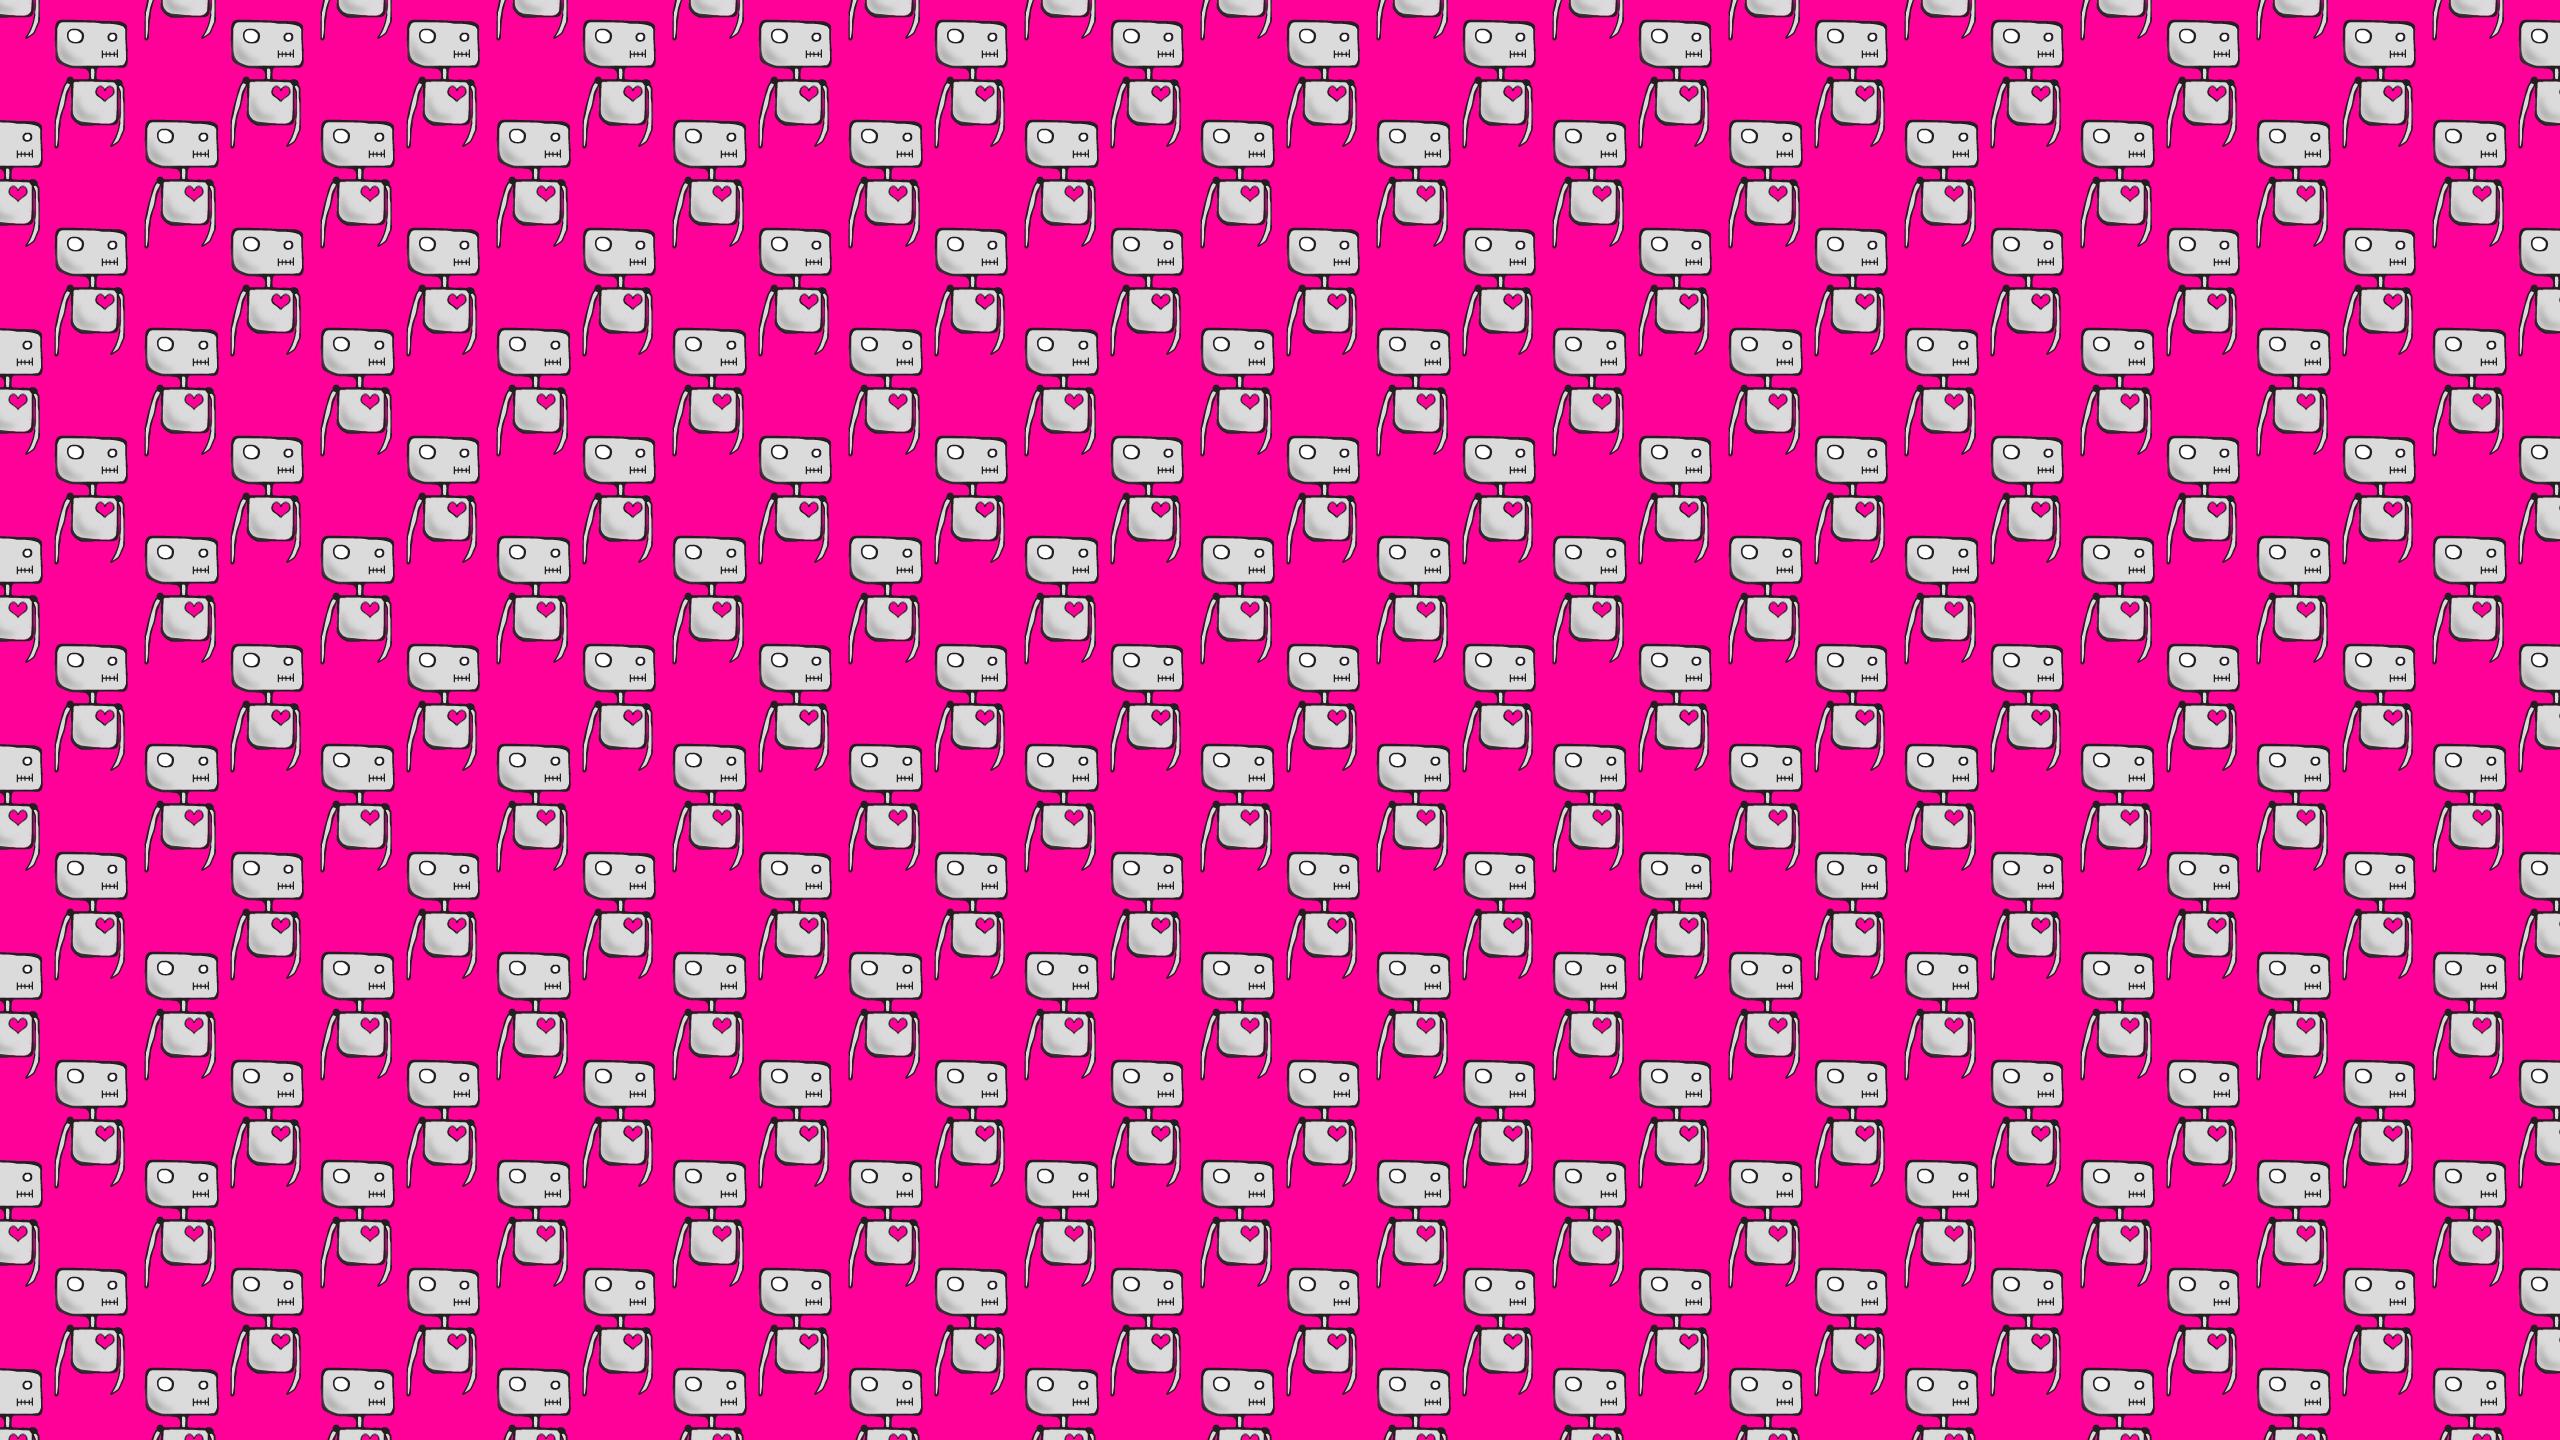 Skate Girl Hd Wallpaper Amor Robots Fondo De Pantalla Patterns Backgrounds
...
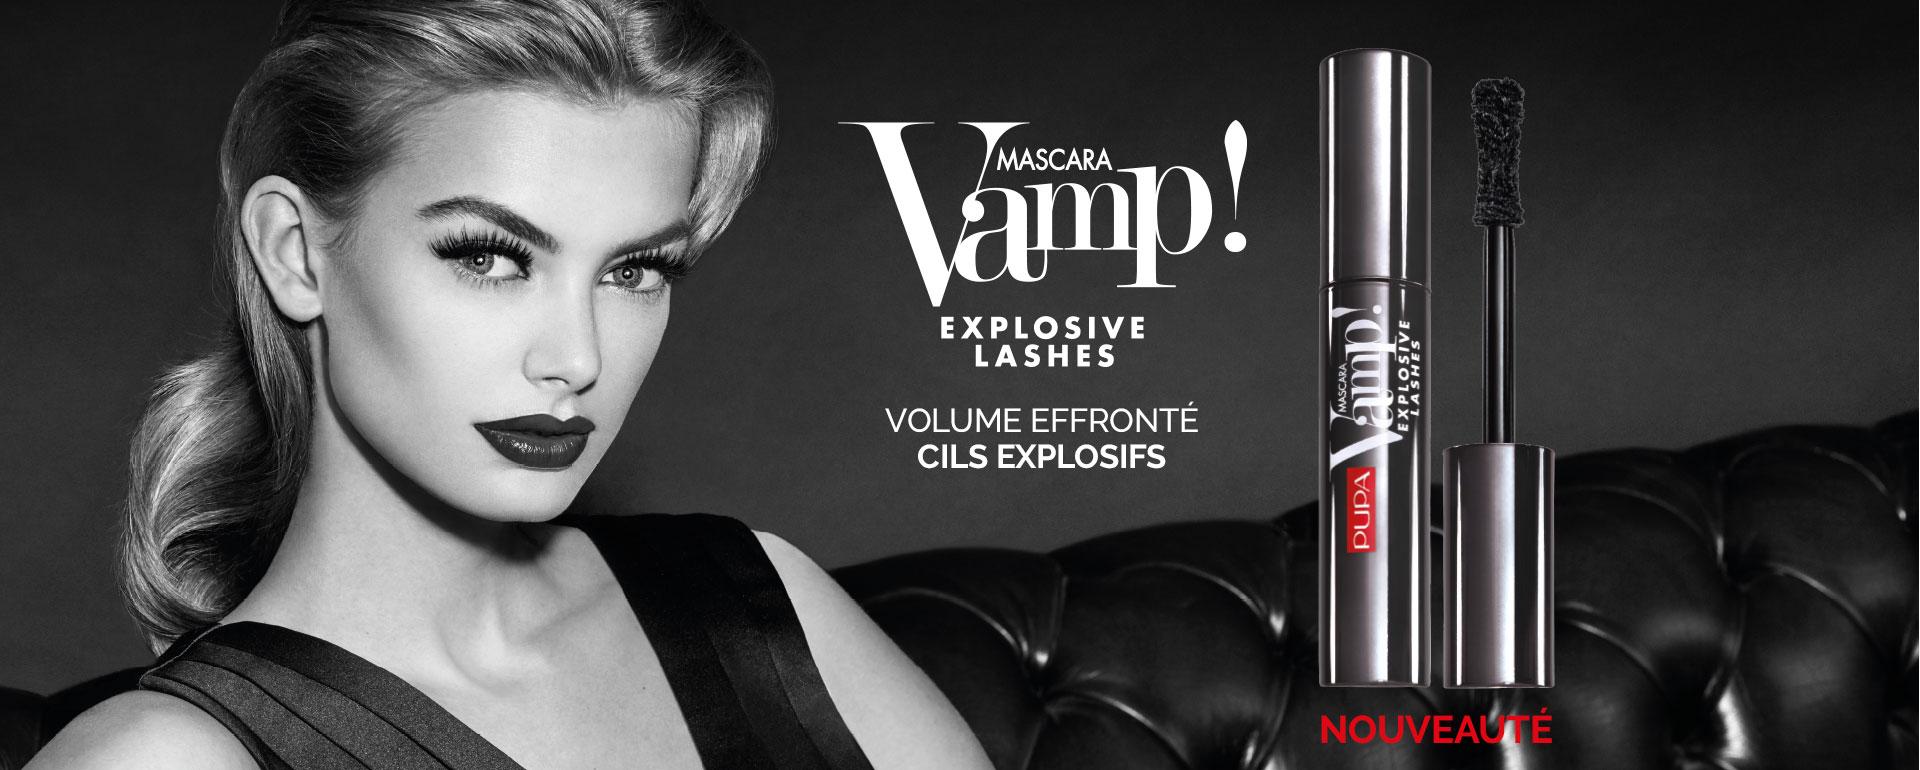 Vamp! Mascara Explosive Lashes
--
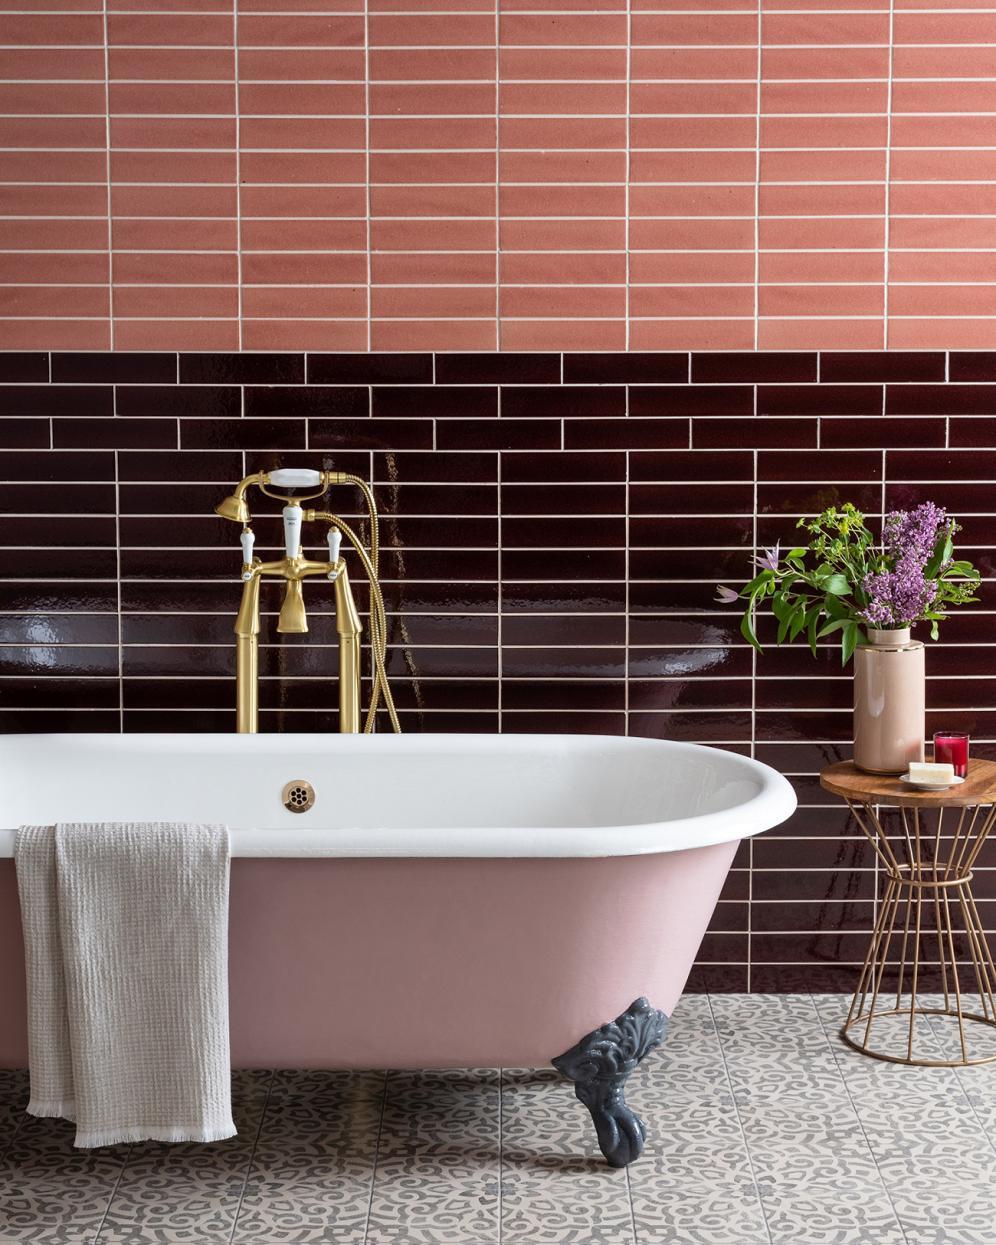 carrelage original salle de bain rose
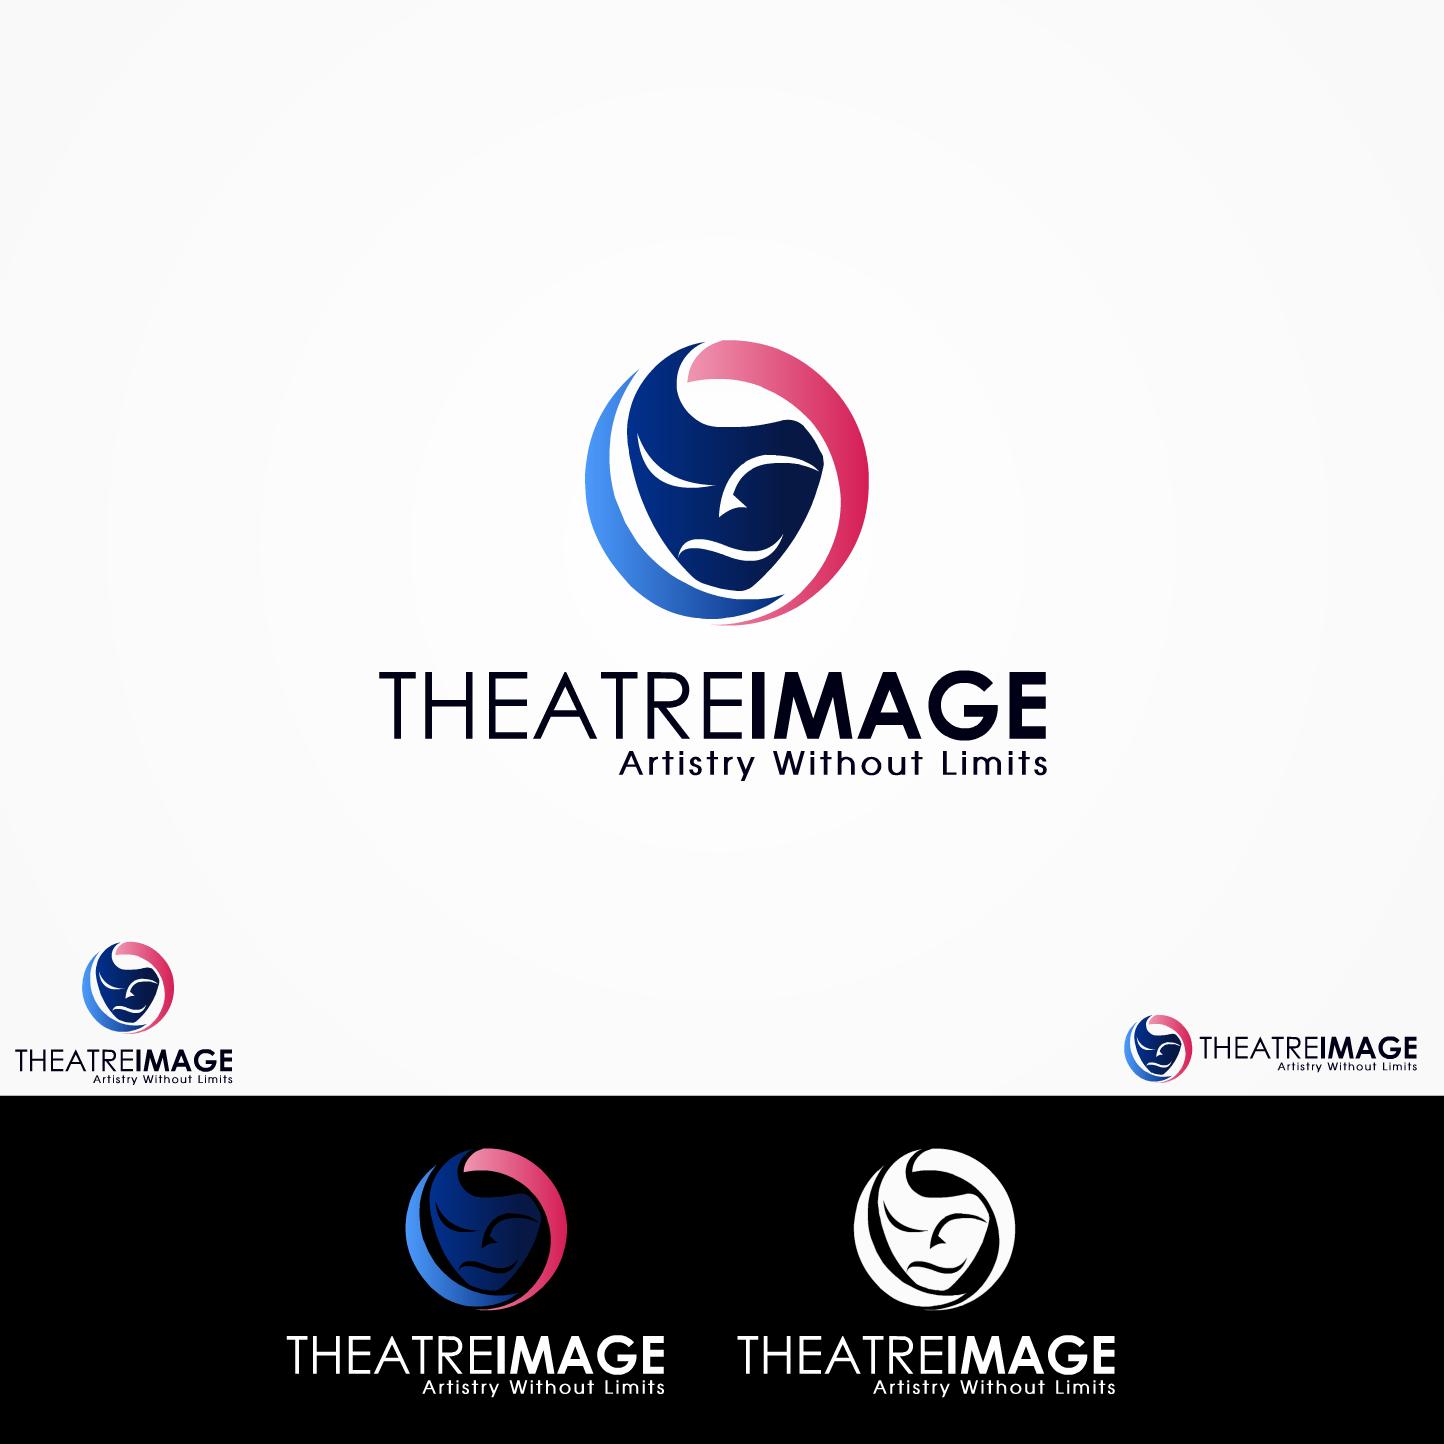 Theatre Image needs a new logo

== EXERCISE AIM ==
Leaving each picture behind, please give again exactly the lines above from the one with "carrelage original salle de bain rose" through the one with "Theatre Image needs a new logo", both included, and no others.

== FINISHED EXERCISE ==
 carrelage original salle de bain rose
 Theatre Image needs a new logo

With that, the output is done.